Social Media Marketers, Keep it Legal
DISCLAIMER: This blog is written as a guideline to highlight legal issues when integrating social media into a business. We are not attorneys nor has this been reviewed by an attorney; this should not be considered legal advice.
More businesses are using social media as a marketing and public relations tool to communicate with loyal and prospective customers. As with any business communication tool, there are guidelines that should be followed when using social media, and legal ramifications are possible if certain rules are not observed.
To stay out of legal trouble while communicating via social media, here are seven issues to keep in mind:
1. Copyright infringement/intellectual property. Do not use another person’s intellectual property without their written permission or providing attribution. Publishing somebody else’s content as your own is unethical and illegal. Copyright infringement can lead to major legal and financial ramifications. Just as it is unacceptable to plagiarize when writing a school paper or an article in a trade publication, the same rules apply to posting social media content.
2. Privacy rights. Do not use images or video of people without written or electronically transmitted permission. Using photographs or anything of the sort without consent is a violation of the subject’s privacy.
3. Confidentiality/proprietary information. Do not post confidential or proprietary information, unless you have written consent. Employees may have extensive knowledge of company, client, vendor and partner information; it is important to note that some of this information should not be broadcast publicly.
4. Honesty. Be as honest and accurate as possible when posting information about a company. Content posted on the Web never truly goes away. Not only will the lack of honesty and accuracy ruin a company’s reputation, but it can also be grounds for litigation.
5. Competitive positioning. Never post slander about a competitor via social media. Communicating false information can result in a lawsuit. Facts and opinions about competitors are acceptable, as long as they are professional.
6. Industry regulations. Be conscious and inform employees of your industry’s legal guidelines and parameters.
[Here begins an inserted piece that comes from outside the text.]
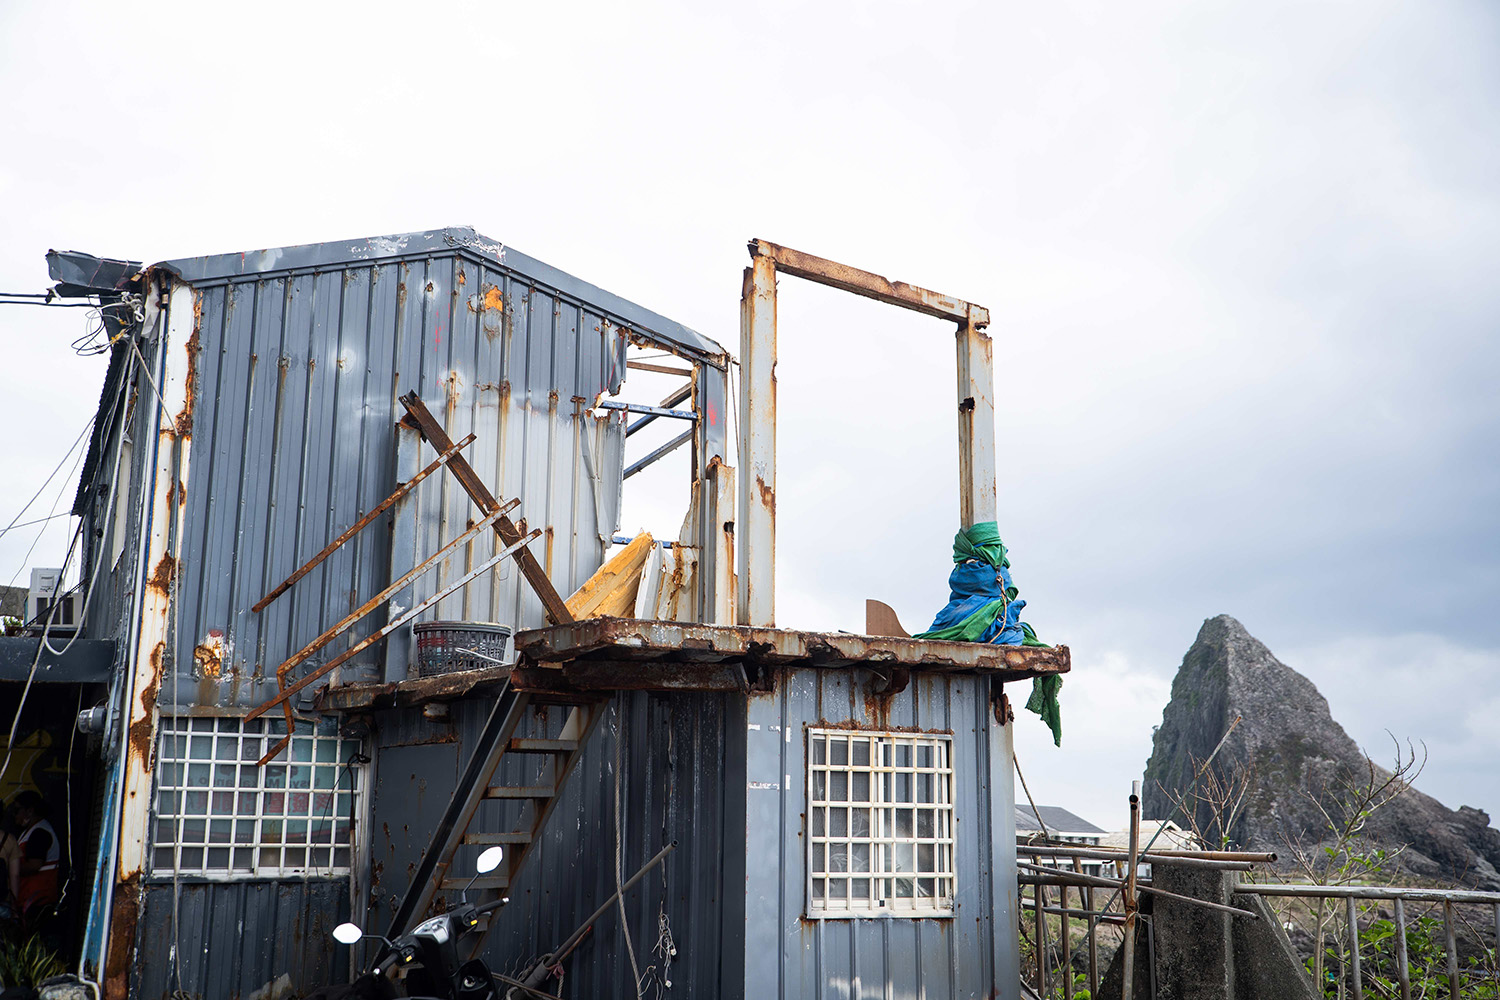 自10月4日小犬颱風強襲蘭嶼，轉眼災後近一個月，遭破壞的房舍殘骸仍在島上隨處可見 (台灣世界展望會提供)

For instance, those in the healthcare industry must be compliant with HIPAA; lawyers must follow state Bar Association rules, etc.
7. Disclosure. Companies must reveal whether they have received free products or incentives of any kind that may have influenced a positive endorsement of a brand or product, according to new FTC Endorsement Guidelines. Bloggers and other journalists must also disclose that they have received incentive for positive endorsements.
Remember, anything posted online may be used as legal evidence. Ensure the content you post is something you would want everyone to see, forever.
The first step in safeguarding your company against legal issues is to have a company social media policy and ensure employees are familiar with it. An established policy will help guide social media use and will ensure that all communications are in compliance. There are many areas that should be covered in a policy, including but not limited to:
- All the items listed above
- Employee online code of conduct
- Content approval process
- Personnel approved to post to company social media accounts
- How to handle negative comments or misinformation
- Established voice
As with any business practice, it is best to be proactive and set policies and parameters for your company’s social media use so that there are no unfortunate issues, or worse, legal tanglings.